At Web Directions South 2007 in Sydney this week, I caught up with Chris Wilson, the Platform Architect for Internet Explorer at Microsoft. Chris has been building web browsers for as long as there have been web browsers, and it was a pleasure to sit down with him at the end of the final day of the conference.
In his talk at the conference, “Moving the Web Forward”, Chris gave the audience a glimpse into the realities of developing the most popular web browser in the world. With over 500,000,000 users to answer to, the words “Don’t break the Web” have become an overriding mantra for the company in its work to develop the next version of Internet Explorer (currently known as IE.Next).
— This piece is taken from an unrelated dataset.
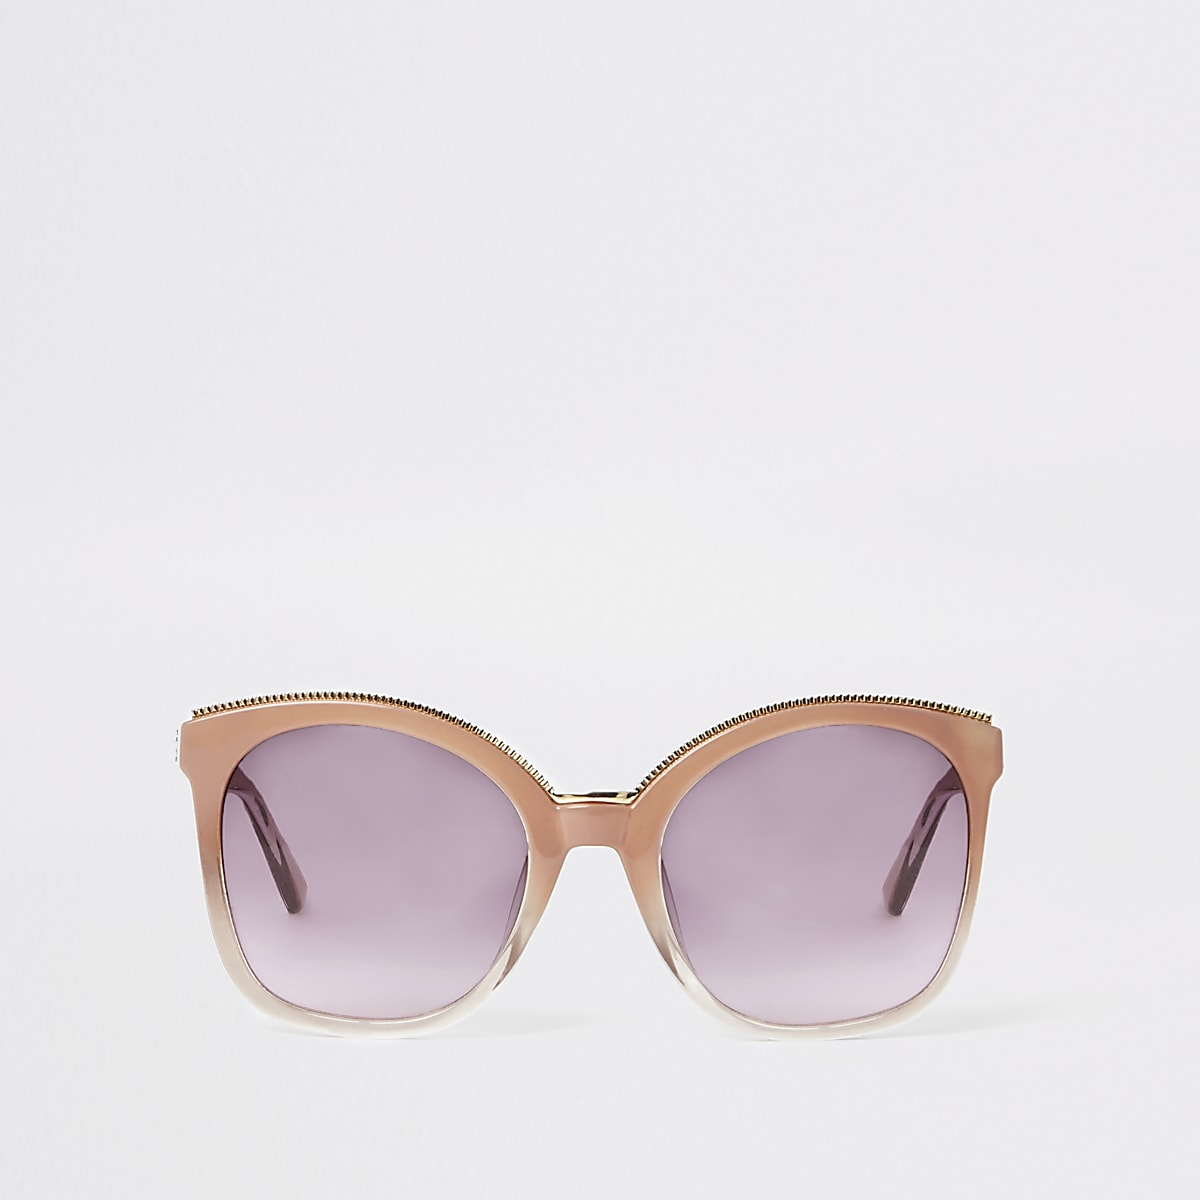 Pink oversized glam sunglasses

I took the opportunity to ask Chris a few of the questions that were at the top of my mind following his presentation:
- Kevin Yank
- “Your team is building a whole new rendering engine for the next version of IE.”
- Chris Wilson
- “What we’re actually focused on right now is specifically the layout engine part of that. The part that figures out how to lay out text content, borders, etc. on the screen, and be able to manage text flow in general. […] We realised that, you know, ‘Wow—we are Microsoft. There are a lot of people here with layout expertise. There are a lot of people who really know how to do layout right.’ […] We needed to unchain those people, and really allow them to do some really incredible things.”